Chelsea tahu, jika ia harus mendorong lelaki itu menjauh. Ia tak boleh egois dan membiarkan lelaki itu jatuh bersamanya. Masa depan lelaki pintar seperti suaminya masih begitu cerah dan tak seharusnya cintanya membuat lelaki itu hancur.
Air mata kembali membasahi pipi Chelsea. Ia menepuk-nepuk pelan d**a, mencoba mengusir rasa sesak di d**a, namun tak peduli sekeras apa pukulannya. Rasa menyakitkan itu tak mau hilang, malah bertambah parah. Tangisan Chelsea semakin menjadi-jadi.
Ya Tuhan ... bisakah aku melepaskannya? Aku telah kehilangan bayi kami, apa aku harus kehilangan dirinya juga? Bisakah aku hidup tanpanya?
Banyak tanya yang bermain di benak Chelsea. Tanya yang membuat dadanya semakin sesak dan ia tak tahu apa yang harus ia lakukan. Melepas berarti mati, namun mengikat lelaki itu pada tiang keegoisannya pun membuatnya merasa sakit bukan main.

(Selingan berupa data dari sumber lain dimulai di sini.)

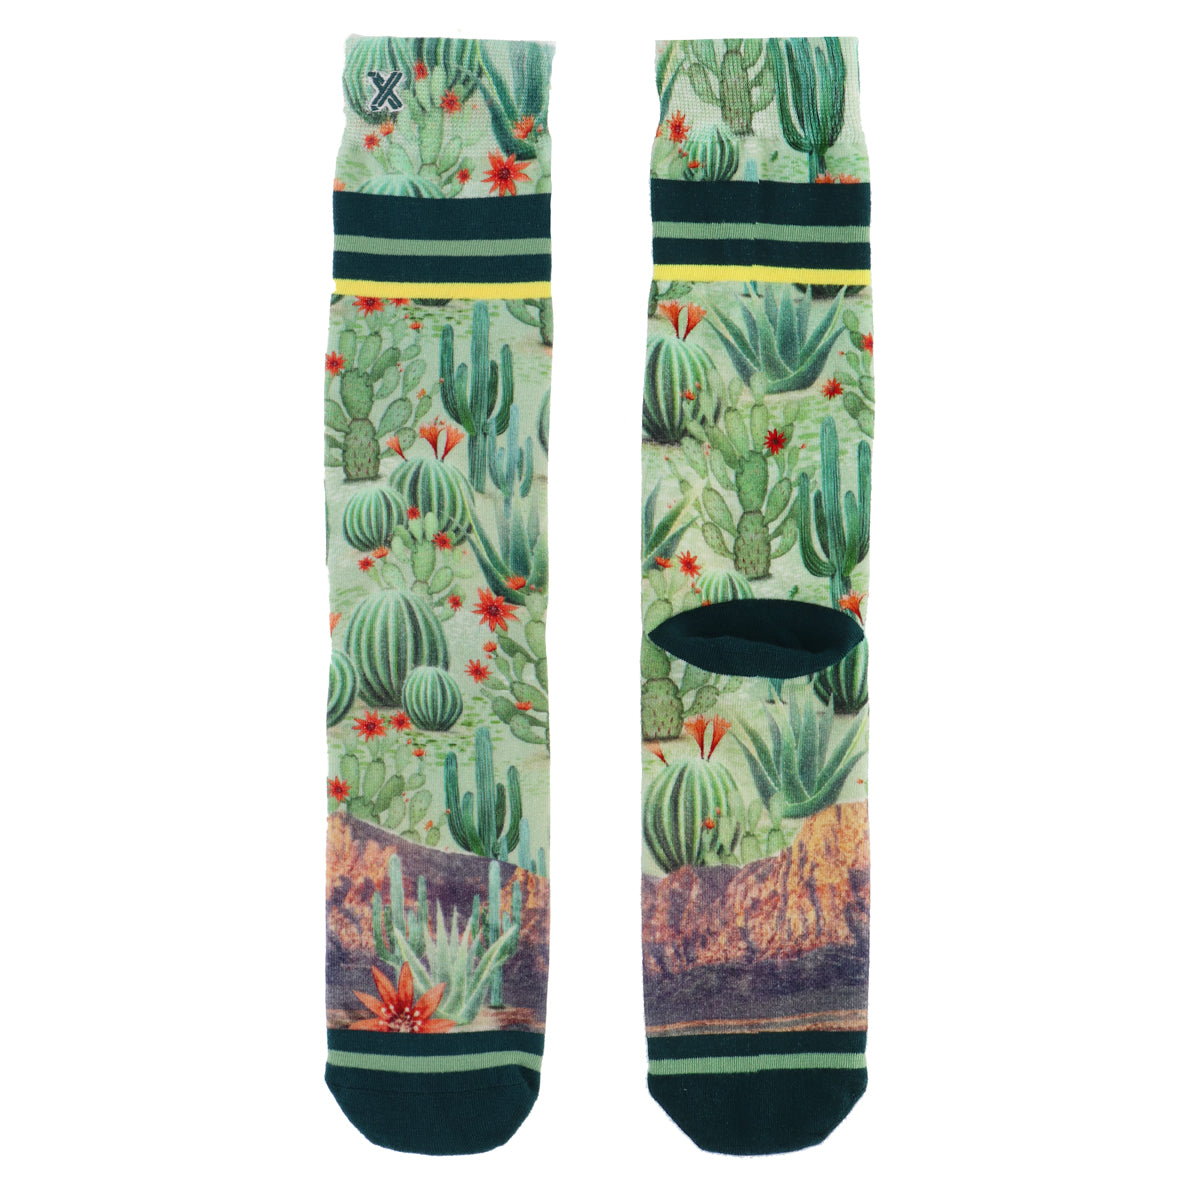 Xpooos & ADNF Cactus Bamboo Men's chaussettes pour hommes

Apakah ini pertanda, dongeng yang ia tulis harus segera diakhiri? Dirinya memang pernah berjanji tak ‘kan melepaskan dan menyombongkan cinta yang ia miliki untuk lelaki itu, namun ia tak mau menjadikan cintanya sebagai penjara bagi lelaki itu. Pernikahan bukanlah tali yang ia siapkan untuk mengikat kaki lelaki itu agar tak bisa melangkah maju.
Kini, ia diambang kebingungan, namun ia tahu benar, jika dirinya tak bisa egois. Egois berarti bukan cinta dan cintanya lebih dari sekedar perasaan yang ingin menang sendiri. Ia ingin bertumbuh dalam cinta. Menjauhkan lelaki itu dari mimpinya, berarti menghancurkan hidup Angga. Cukup dirinya yang berkorban, masa depan Angga begitu terang, tak seperti dirinya.